Methodology lesson: reference &gt; introspection. Research is cheaper than
15+ empirical rounds that leave us uncertain.

Co-Authored-By: Claude Opus 4.7 (1M context) &lt;noreply@anthropic.com&gt;
diff --git a/.claude/state.md b/.claude/state.md
@@ -3,6 +3,85 @@
 **Last updated**: 2026-04-22 (Phase 2 KV clean-bill)
 **Session HEAD**: turbo_kv_4b per-arch per-layer clean-bill LANDED via chunked TQ_KV_PROBE. 7×/+0% PPL claim now validated element-by-element across Llama, Qwen3-0.6B, Qwen3.5-4B, Qwen3.6-35B.
 
+## ★★★ Phase 3 R41 — ARCHITECTURE RESEARCH BREAKTHROUGH (2026-04-22) ★★★
+
+User callout (correct): "모델의 특성에 대해 제대로 이해하지 못한 상태에서
+너무 실험에만 의존". Switched to deep research (refs/ + web) before more
+experiments. Documented findings below.
+
+### What we MISUNDERSTOOD about Qwen3.6-35B-A3B / Qwen3-Next
+
+1. **3:1 hybrid ratio, not 1:1**. 75% DeltaNet + 25% attention layers.
+   For 40-layer 35B: only **10 attention layers**, 30 DeltaNet. Attention
+   is the MINORITY. (Source: vLLM blog, Qwen tech reports.)
+
+2. **Gated Attention (NeurIPS 2025, Qwen team)** is THE key stabilizer.
+   Head-wise `sigmoid(Wg·x)` applied elementwise to SDPA output — replaces
+   attention sinks, enables 1M-ctx training. If our engine doesn't apply
+   this gate correctly, attention layers lack sink-mitigation → long-gen
+   drift is PREDICTED by the architecture.
+   - Qwen single Q projection outputs 2× dim: `Q` + `gate` split along dim 0
+   - Post-attn: `attn_out = attn_out × sigmoid(gate)`
+   - Our config has `c->attn_output_gate` field — need to verify impl works
+   - Refs: `refs/llama.cpp/src/models/qwen35moe.cpp:156, 186-189`
+   - Refs: `refs/llama.cpp/src/models/qwen3next.cpp:165-172`
+
+3. **Instruct vs Thinking are DIFFERENT checkpoints** with DIFFERENT
+   expected chat templates:
+   - Instruct: NO `<think>` priming; HF card says "does not generate
+     `<think></think>` blocks"
+   - Thinking: DOES use `<think>\n` open
+   - **Our default primes empty `<think>\n\n</think>\n\n`** — if our
+     35B GGUF is actually the Instruct variant, we're feeding OOD input
+
+4. **qwen35moe uses IMRoPE (multi-section); qwen3next uses standard RoPE**.

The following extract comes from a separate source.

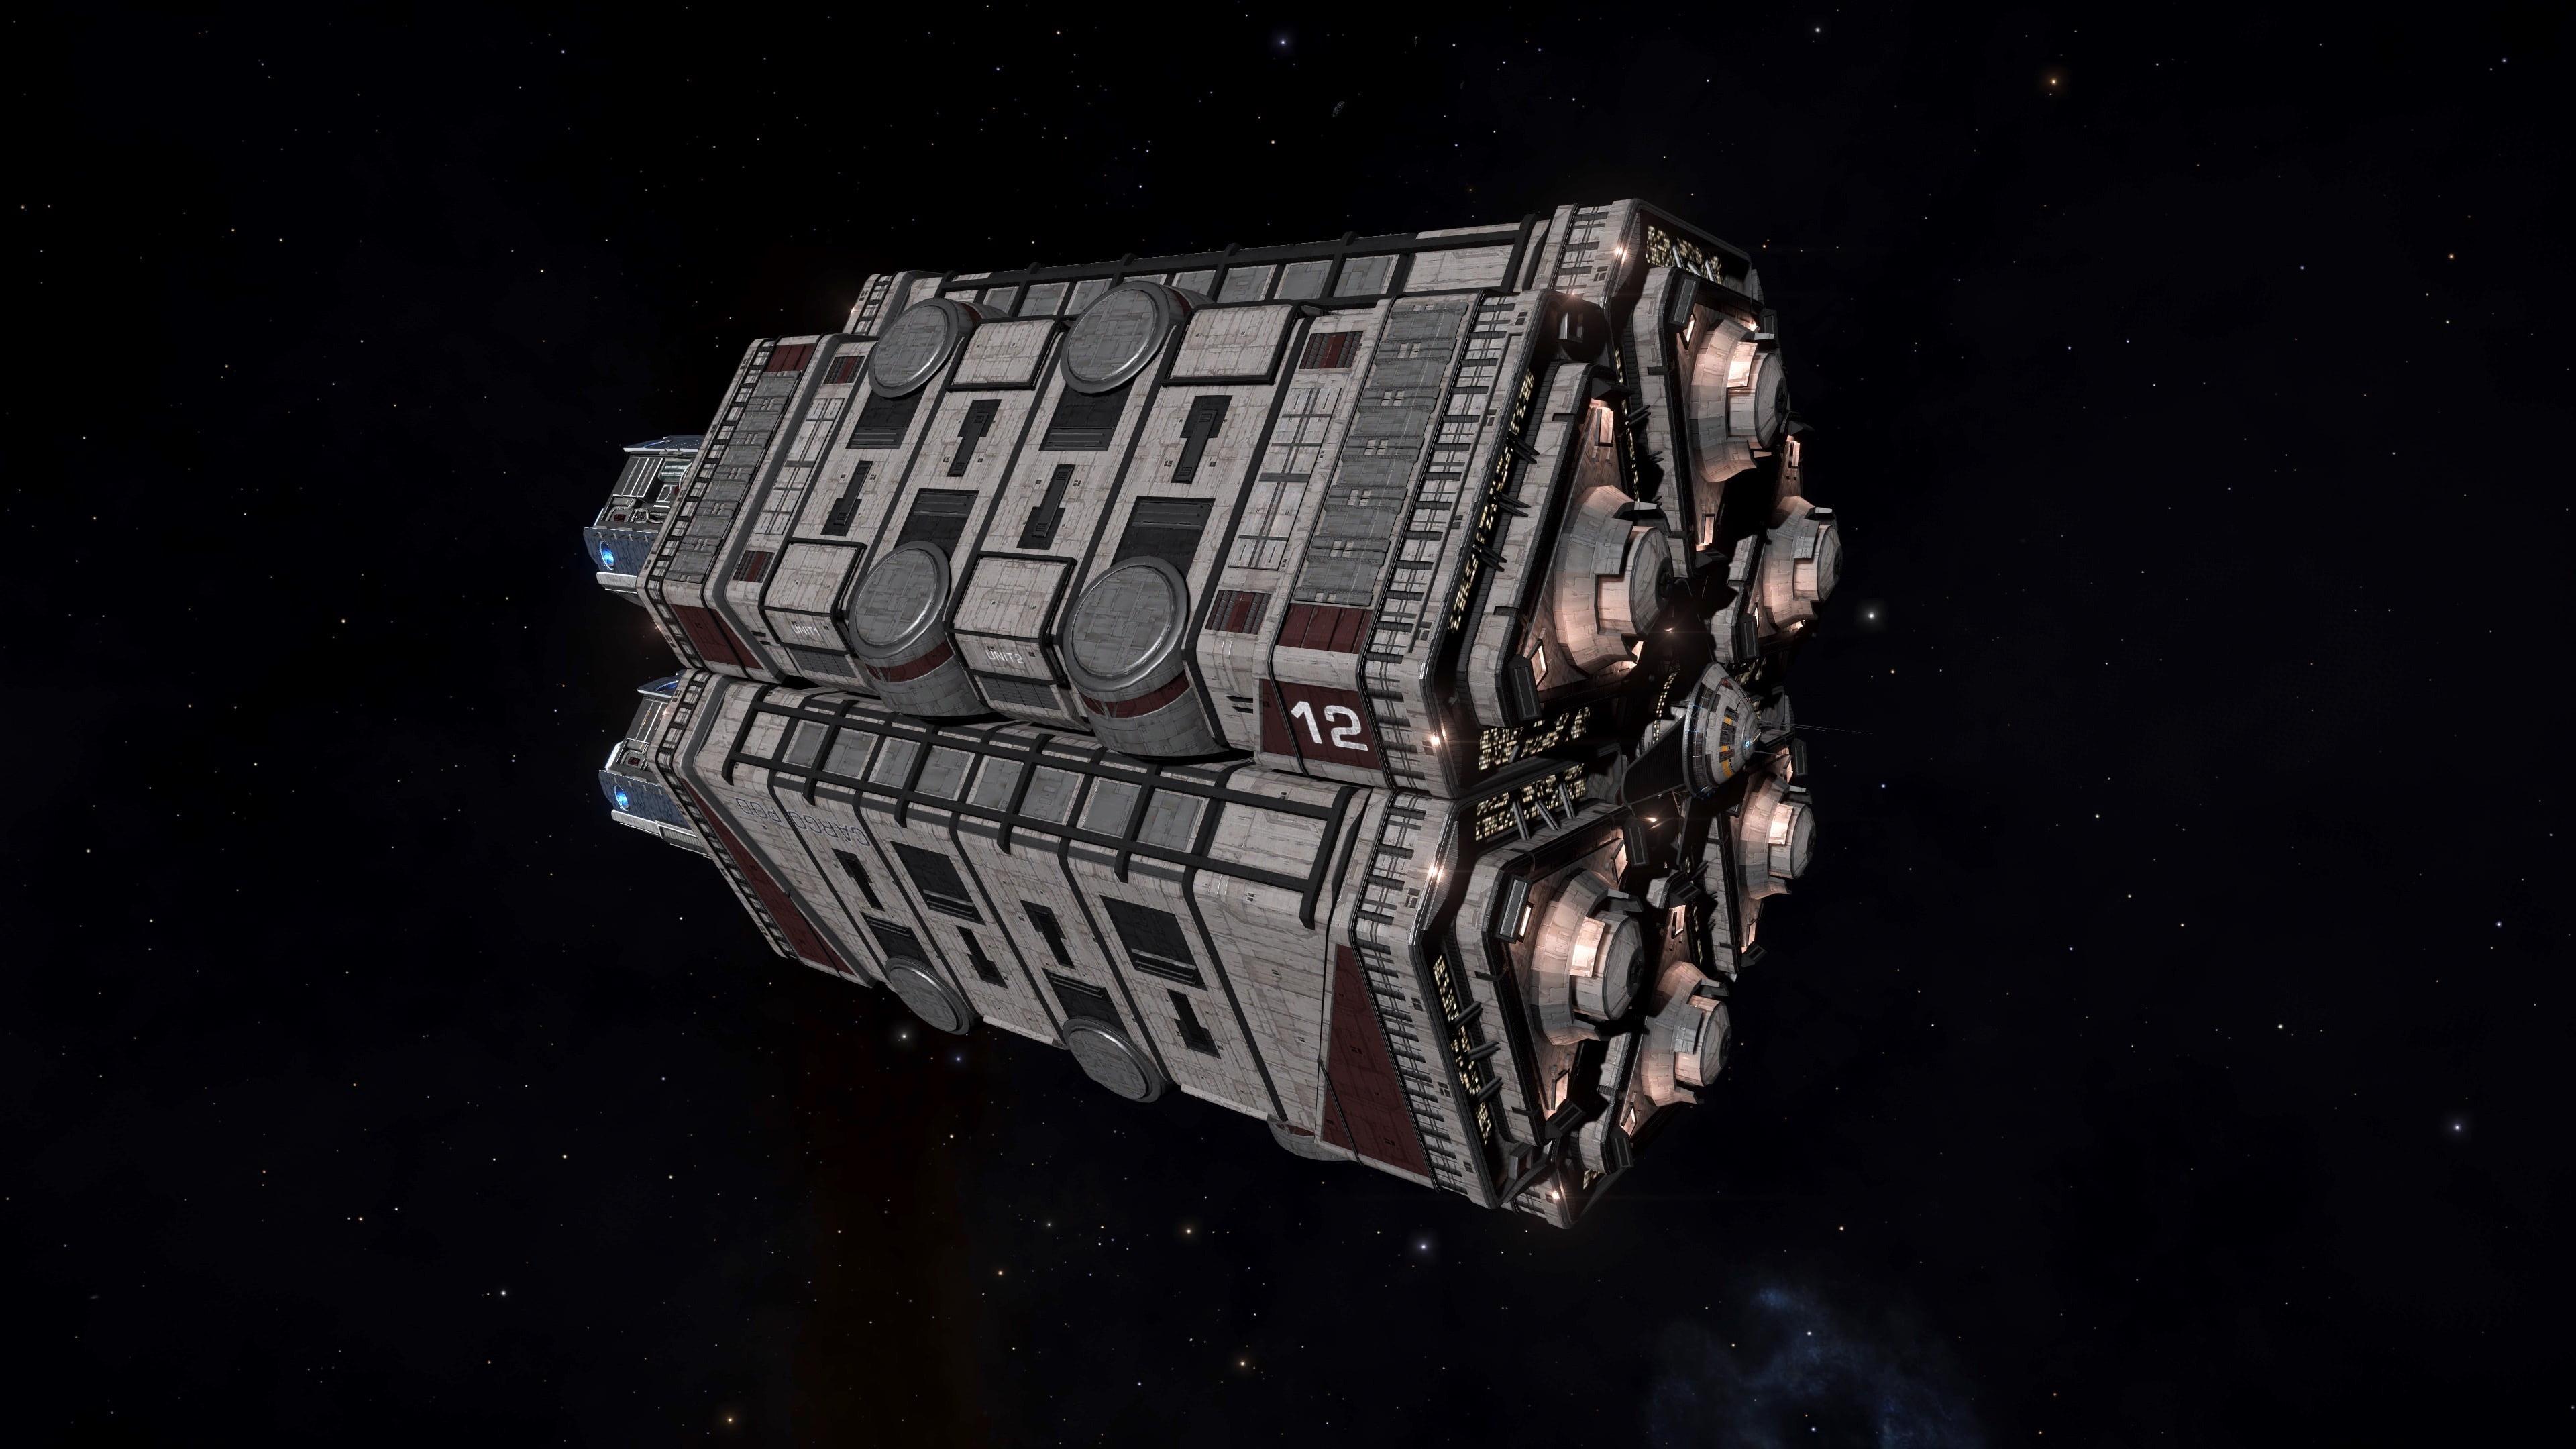 Hercules Class Bulk Cargo Ship TFD-013

+   We need to verify which one our 35B is, and that our dispatch is correct.
+
+5. **Known Gated-DeltaNet failure modes** (ICLR 2025 paper):
+   - Fixed-size recurrent state is a compression bottleneck
+   - α (decay) near 1.0 causes state saturation — numerical accumulation
+     in β/α is "known-fragile"
+   - Hybridization with full-attention layers is the REMEDY the paper
+     explicitly proposes. Qwen3-Next adopts this.
+
+6. **DRY sampler** (Dynamic N-gram repetition penalty, oobabooga PR #5677)

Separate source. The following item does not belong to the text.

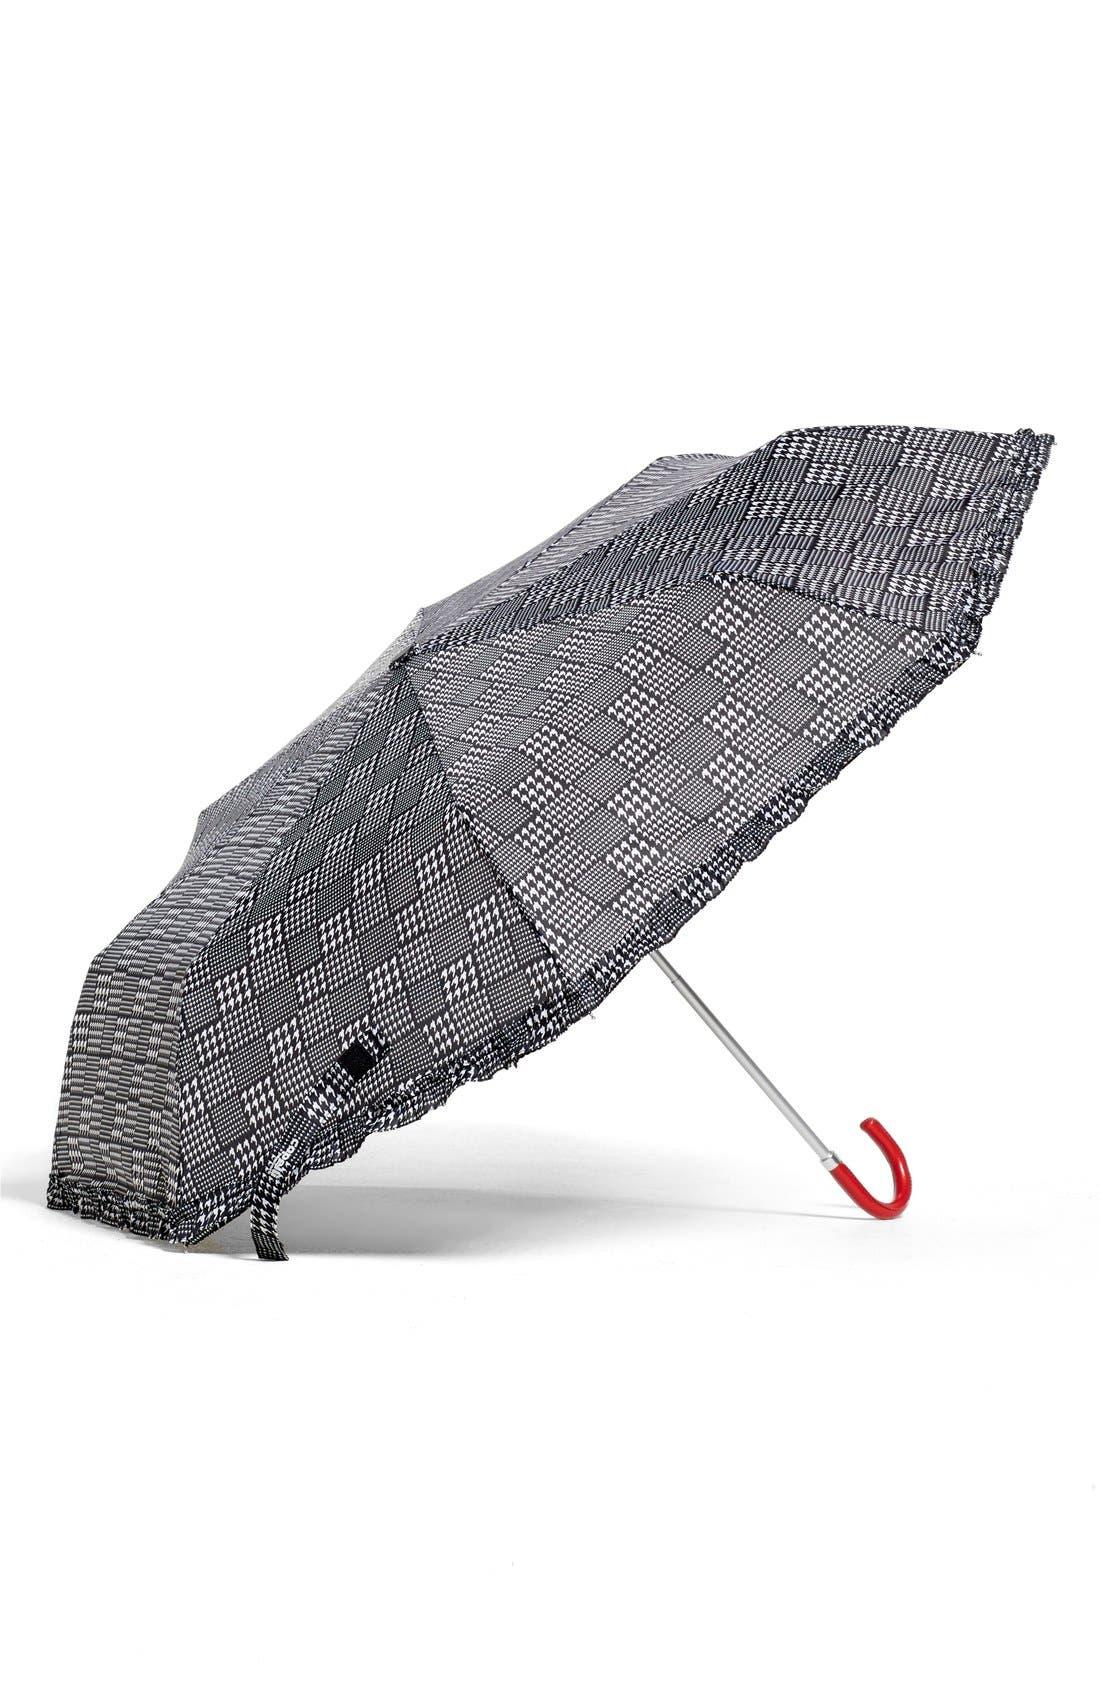 Capelli of New York Plaid Umbrella,                             Main thumbnail 1, color,                             White Combo

+   is the community-standard mitigation for loop-collapse in hybrid archs.
+   llama.cpp has it, our engine doesn't.
+
+### New hypothesis (architecture-grounded, not empirical guessing)
+
+Ranked by strength of evidence:
+
+**H1 (★ highest prior)**: our `attn_output_gate` implementation is
+missing or buggy on the 10 attention layers → no sink mitigation → long-
+gen attention drift → the "Sorry!" / alphabet-walk attractors we've been
+seeing in R26/R38/R40 without root-cause explanation.
+
+**H2**: our GGUF is the Instruct variant (non-thinking), but our chat
+template primes empty `<think>\n\n</think>\n\n` → out-of-distribution
+input distribution → trained attractors engaged incorrectly.
+
+**H3**: DeltaNet α saturation in specific heads at specific positions.
+Rounds 26-29 already attacked this with exact expf, but we didn't verify
+α stays bounded at pos 500+.
+
+### Plan (not-more-experiments-first, research-ground-all-changes)
+
+- R42: GGUF metadata check (Instruct vs Thinking) + audit
+  `attn_output_gate` in our `self_attn_forward` — line-by-line vs
+  qwen35moe.cpp:129-189
+- R43: if H1 or H2 is confirmed, fix and re-measure 1000-tok target
+- R44: port DRY sampler from llama.cpp as belt-and-suspenders
+- R45: final validation
+
+### Methodology lesson saved
+
+This is the third confirmation of the meta-insight we added to
+`MEMORY.md`: **reference > introspection**. BPE and MoE bugs fell in
+2-3 rounds once we had a reference to diff against. 35B long-gen stayed
+mysterious for 15+ rounds because we had no architectural reference
+handy. Research makes experiments targeted.
+
 ## Phase 3 R40 — Meaningful prompt + thinking-mode still hits NEW attractor (2026-04-22)
 
 User follow-up: "모델이 의미있는 긴 문장을 생성하도록 유의미한 질문도 생성해야 하는거 아닌가요?"